With the rapid development of industry and agriculture, the ecological and health impacts of nickel (Ni²⁺) have gained increasing attention. While previous experimental studies have identified factors influencing Ni²⁺ adsorption behavior in soils, their nonlinear relationships and interactive effects remain underexplored. Through combining machine learning (CatBoost/XGBoost) models with SHapley Additive exPlanations (SHAP), this study analyzed 662 experimental datasets to reveal these nonlinear interactions between factors that affect the adsorption behavior of Ni²⁺ in soil. The modeling results demonstrated CatBoost's superior performance over XGBoost (test R² = 0.85 vs 0.83). Both feature importance analysis from the model and SHAP values identified the initial Ni²⁺ concentration (C₀) as the most critical factor, followed by ionic strength (IS), solid-to-liquid ratio (SL), clay content, and cation exchange capacity (CEC). SHAP dependence plots revealed a nonlinear SL effect that maximum adsorption occurred at low SL ratios with subsequent fluctuations attributable to ionic competition and pore accessibility constraints.
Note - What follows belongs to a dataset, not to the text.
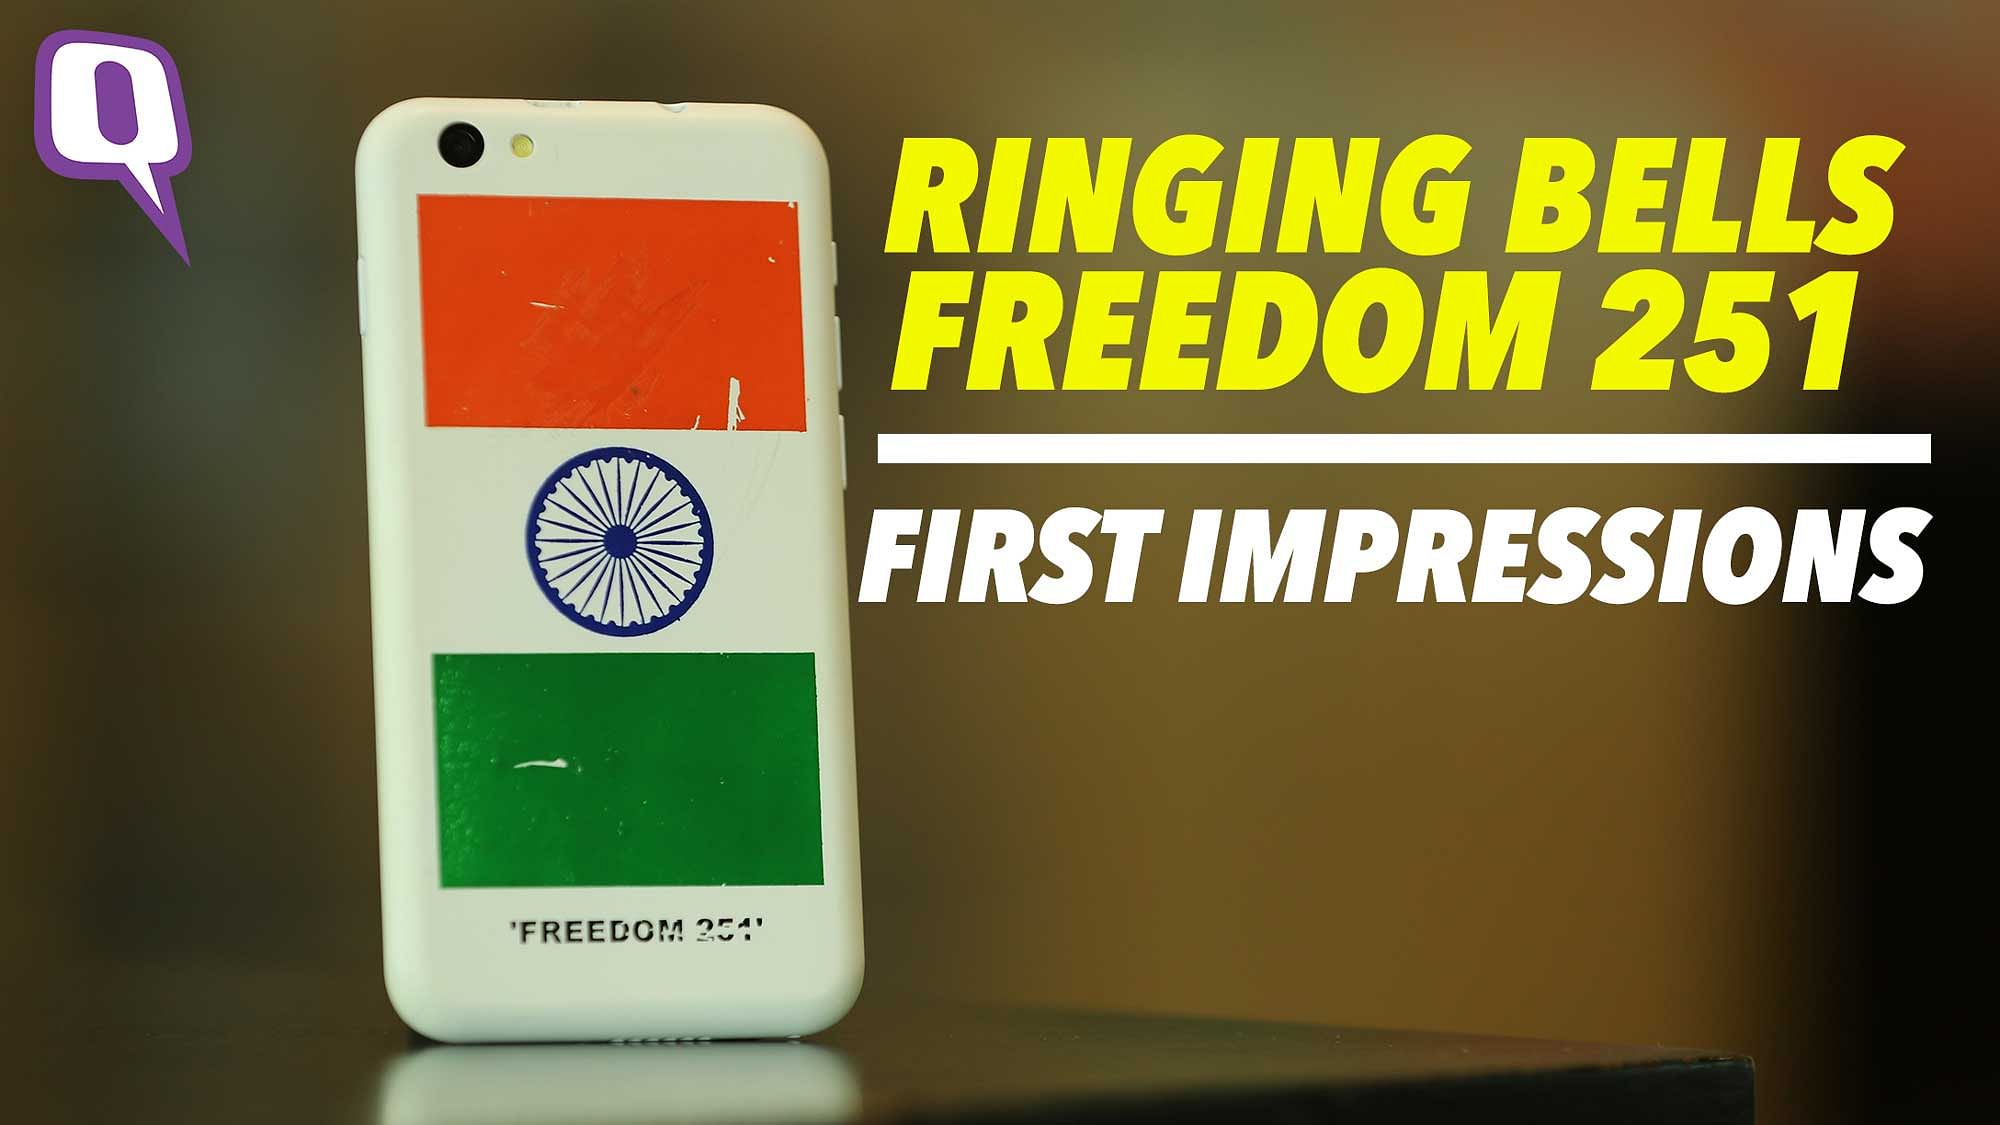 Ringing Bells’ Freedom 251 smartphone is the cheapest smartphone in the world. (Photo: <b>The Quint</b>)

Notably, SHAP interaction analysis uncovered a key finding which C₀ exhibited synergistic interactions with both CEC and clay content to enhance Ni²⁺ immobilization, whereas elevated IS substantially diminished these cooperative effects. This work quantitatively characterizes multifactorial coupling in Ni²⁺ adsorption processes, advancing theoretical foundations for risk assessment while informing targeted remediation strategies and enhancing mechanistic understanding of heavy metal interactions in soil systems.